The Photographer's Eye: Kansas City through the Lens of Warner Studio (1950 - 59) -


In 1950s America, the multilayered cultural landscape was interwoven with post-World War II affluence and the optimistic perspective of "The American Dream." 64% of the American population lived in urban centers, and having a good paying job enabled individual families to afford houses and cars and to raise their children in small towns and suburbs. Many Americans were able, and compelled, to participate in the burgeoning economy of consumption. Household appliances and conveniences multiplied at the service of the stay-at-home housewife. The interstate highway system helped establish a more mobile public. Disneyland and McDonalds opened, and the first credit cards were issued. Television introduced a stylistically uniform pop culture into the living rooms of American families throughout different regions of the country. Rock and roll dominated the airwaves, while jazz and blues presented an alternative urban sub-culture in such cities as New York, Chicago and Kansas City. Additional varieties of goods and services were delivered to the middle class through expanded routes of transportation, new forms of advertising and broadcast media.

However, "The American Dream" was non-inclusive. Underlying the glossy surface of comfortable living was a political and social subtext of segregation, poverty and racial tension that led to the fight for civil rights. The Korean War, the Cold War with Communist Russia, the “space race” and nuclear arms struggle strengthened the military-industrial complex. Espionage, McCarthyism, political unrest in Eastern Europe and the Middle East, as well as the polio and Asian flu epidemics, contributed to a climate of apprehension, suspicion and unrest.  Robert Frank’s famous and controversial book of photographs, The Americans, reflected a way of life, sometimes joyous but often without hope and promise, which was in direct opposition to upbeat images promoting the good life that average Americans saw and read about in Life and Look Magazine.

By 1950 Kansas City was already known as a center for networking and the distribution of goods through established industries revolving around transportation, banking and insurance, the stock yards, garment production, printing and cinematic film distribution.
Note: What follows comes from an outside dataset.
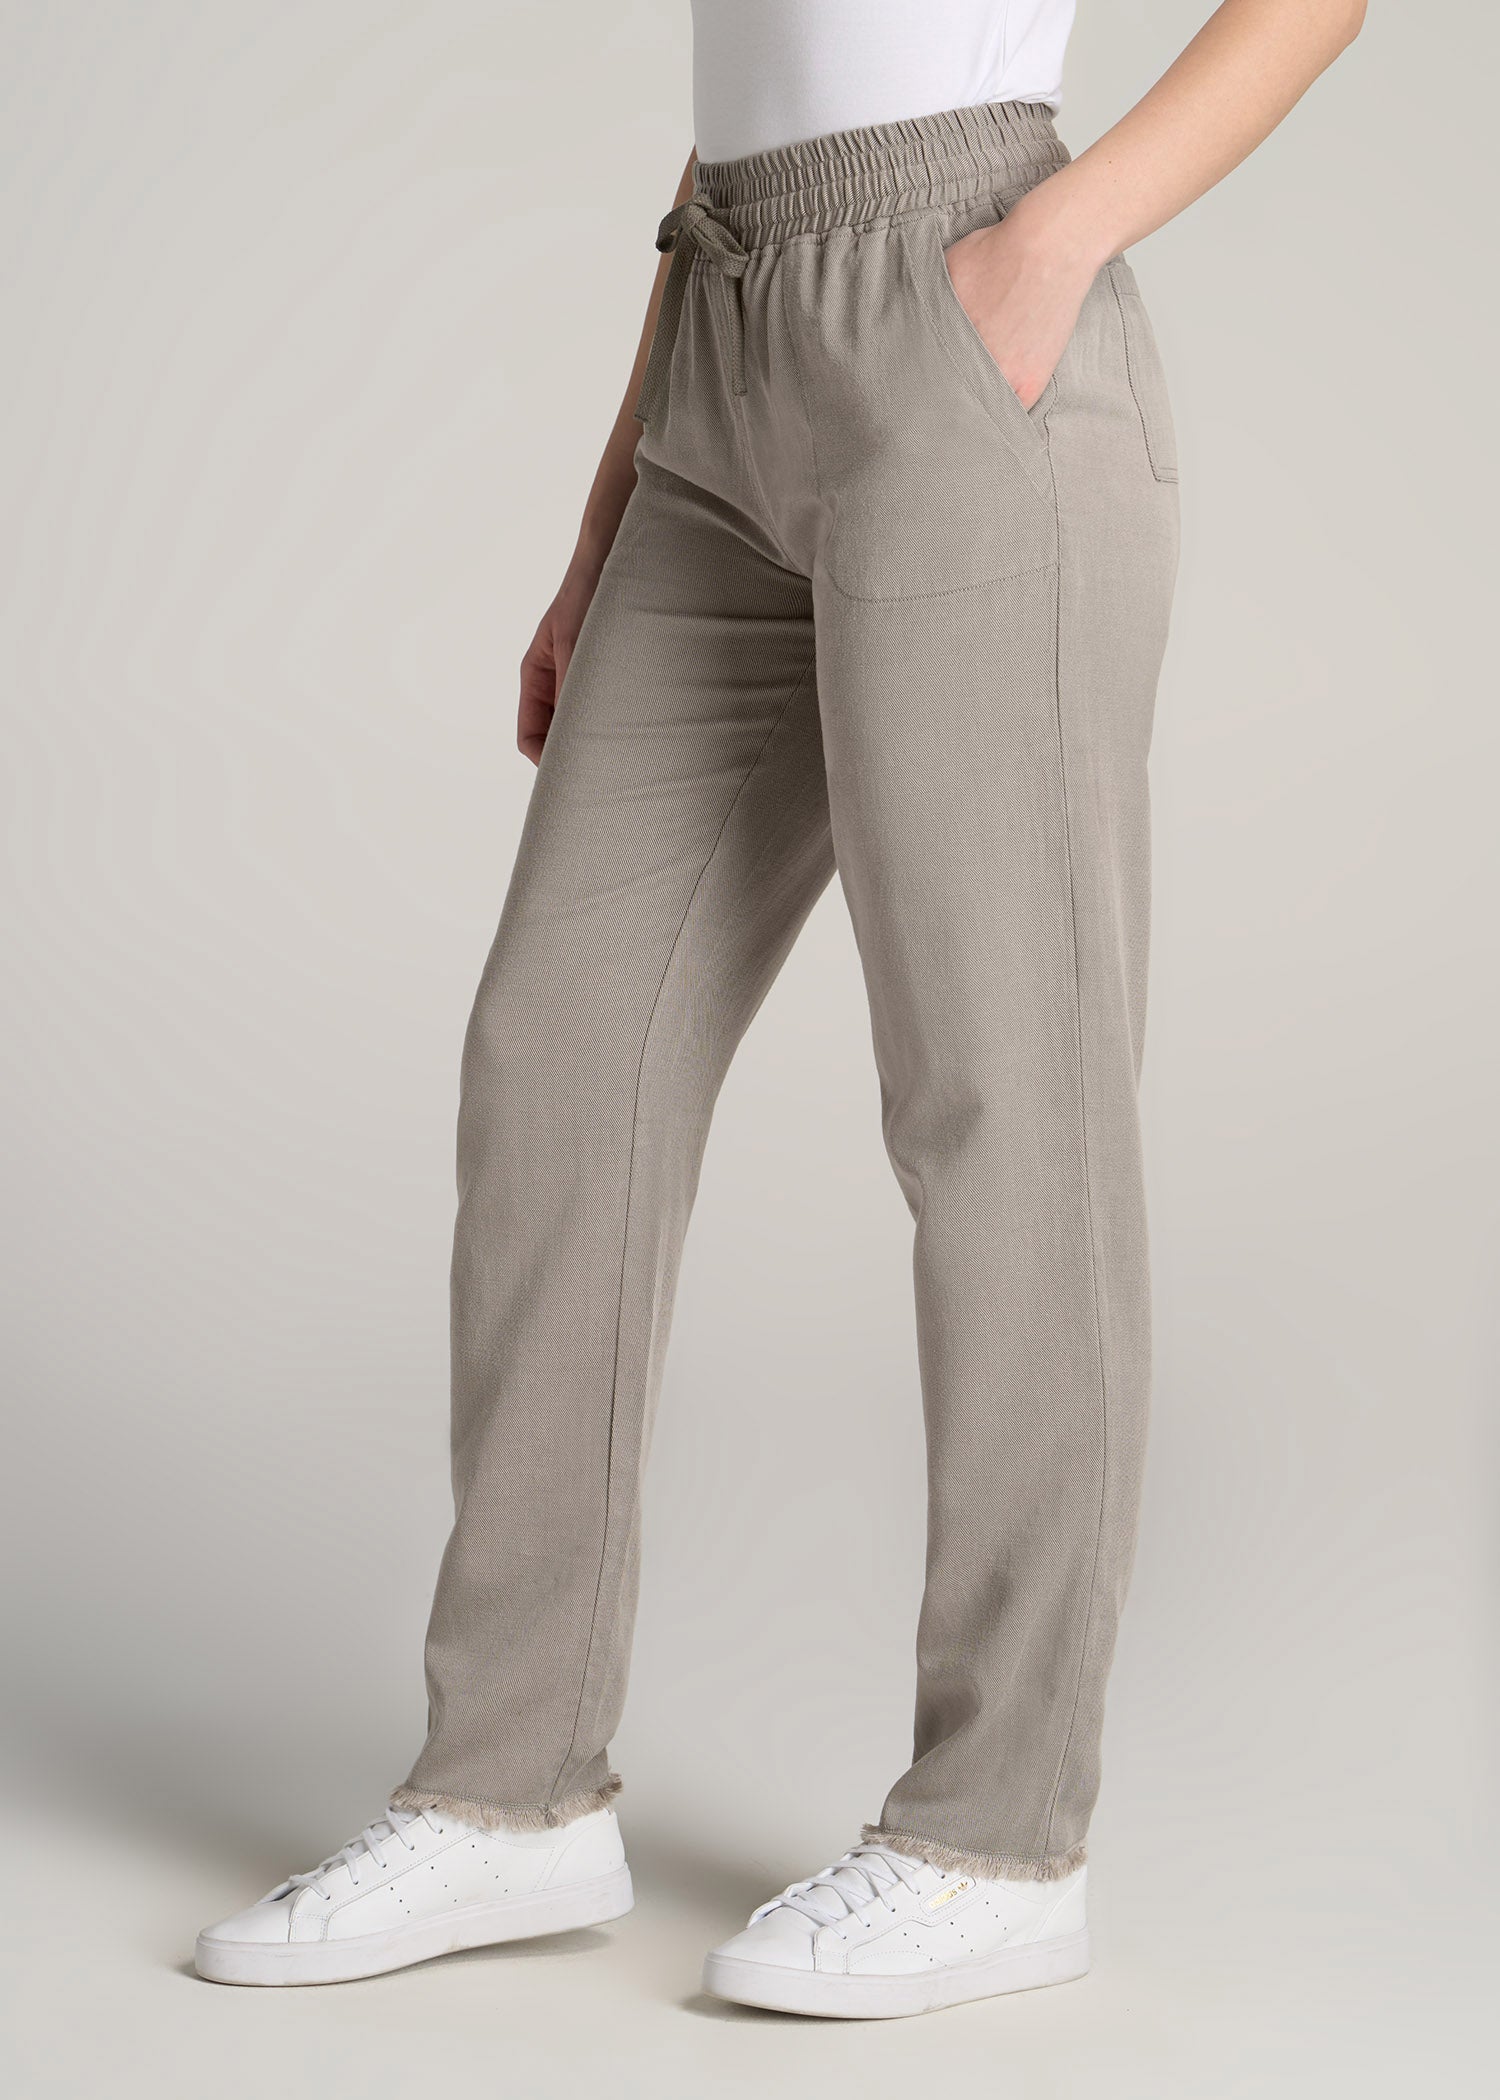 Buy Grey Trousers & Pants for Women by BLISSCLUB Online | Ajio.com

Many American cities began competing with each other and promoting their individual characters and identities in order to establish their roles as significant players in the newly developing economy. The commercial photographer was part of the public world of special events, newsworthy and otherwise, that were being produced as part of this new marketability.   Warner Untersee was a creative entrepreneur in Kansas City who was able to make a living documenting and promoting this aspect of "The American Dream."  Similar commercial photographic studios were emerging nation-wide, along with advertising agencies and consumer-based industries that collectively would help shape the emerging American consumer culture and mass media market. As current styles replaced the old at increasingly rapid rates, the need for new photographs and representations became integral to this process. By producing images for sale, Untersee was helping to promote a local version of the new nation-wide consumerism and desire for goods, services and entertainment that would in turn help to define what "The Dream" was all about.

Present-day viewers of the work of Warner Studio are perhaps struck by the limited scope of society that is depicted.  However, it is important to remember that Untersee was neither a photojournalist nor documentary photographer presenting an overview of the political and social issues of the times.  His commercial work, however, does provide us with an invaluable database of information about one aspect of mid-20th century life and culture in a growing and changing post-war Midwestern city.  Fields of investigation ranging from history, sociology, architecture, urban planning, sports, leisure, fashion and pop culture can be researched through this extensive image archive.  Untersee’s compositions and photographic style are straightforward and present a clear view of the city through the eyes of this special kind of observer.  Untersee was, perhaps unwittingly, a visual anthropologist whose photographs provide a historical perspective covering a wide range of sociocultural information for future generations.